Zara’s internal resources and capabilities can enable it to exploit future business opportunities that will be caused by the increase in household incomes and changes in global economy. The company should re-align its resources to enable it to exploit these opportunities. Additionally, it can use its already established brand to have a foothold in its current markets.
Number of Stores
Zara has many stores located in prime businesses areas all over the world. As of 2013, the company had 2085 shops across the globe (Doiron 13). This massive number of stores gives it an excellent platform that it can use to market its products to its customers. In future, however, Zara should start focusing on emerging markets due to their enormous potential, which is primarily driven by their fast economic growth rate.
Zara has ample wealth, which can enable it to re-model its business in a manner that will allow it to exploit most of the current global resources. In 2015, for example, the total company equity was worth more than $11 billion. Additionally, the company has been making huge profits in the last few years. From 2012 until 2015, Zara consistently earned a net income of more than $2 billion (Doiron 13). Further, part of its assets includes its sophisticated production line in Spain, which can enable it to be more competitive in the clothes industry.
Zara’s employees are knowledgeable and highly experienced in their activities. In particular, the company operates through groups of highly competent individuals known as “commercials.” Commercials are categorized into three levels that closely work with one another to ensure timely creation and distribution of new products to the target markets (Doiron 5). Therefore, Zara can use its human resource to penetrate new markets and create high-quality products for its clients.
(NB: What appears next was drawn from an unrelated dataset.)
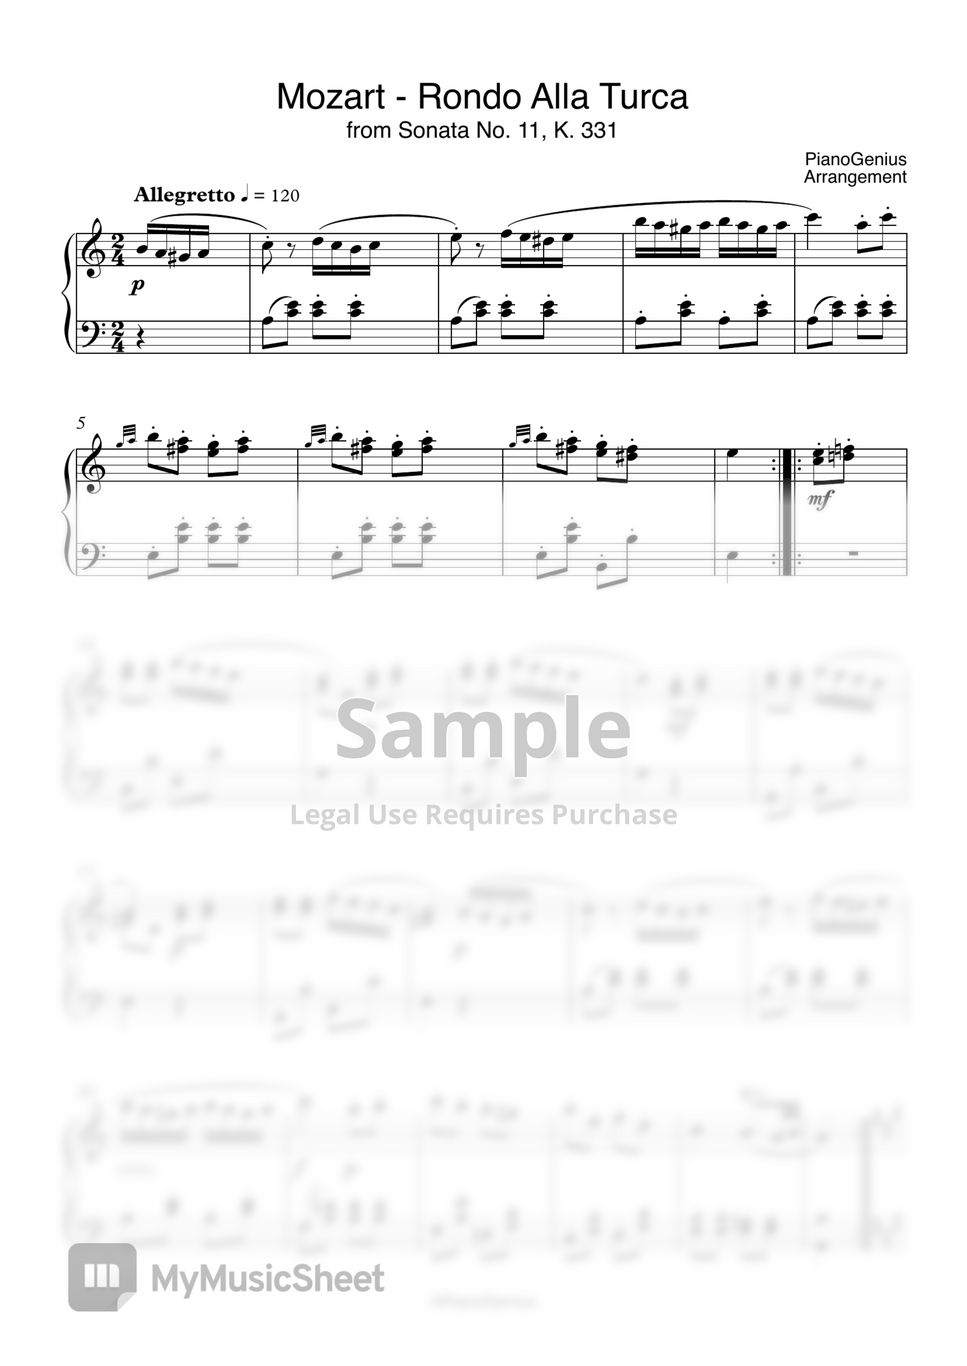 Mozart - Rondo Alla Turca (Turkish March) by PianoGenius

Mutually Exclusive Alternatives
Currently, Zara has come under stiff competition from companies that have copied its systems. For the enterprise to remain competitive in the future, it will have to change its current business model. Zara has penetrated into most markets by its tactic of selling fashionable but average quality products at low prices when compared to its competitors. Unfortunately, this model is no longer effective since customers are now demanding high-quality clothes. Additionally, the average increase in global wealth has made most people more willing to purchase expensive products. Due to these market changes, Zara should start selling fashionable apparels that are expensive and high-quality. This method will make the company retain most of its customers by satisfying their needs. Importantly, it will increase the company’s revenues.
Alternatively, Zara can increase the volume of products that it re-stocks in its stores. The increase in the quantities of inventories will enable the company to reduce its logistics and handling costs. The only shortcoming with this method is that it will lead to long intervals before the firm introduces new fashionable products.
For Zara to remain competitive in the future, it should start making expensive and high-quality products for its customers. This tactic will enable the company to increase its current incomes due to the high prices of each unit. In the future, the continued increase in the income levels of the overall world population will make most people will demand luxurious and high-quality items. Therefore, Zara’s strategy will enable it to remain competitive.
Doiron, Daniel. “What Business is Zara In?” Richard Ivey School of Business Foundation, W15431, 2015, pp. 1-16.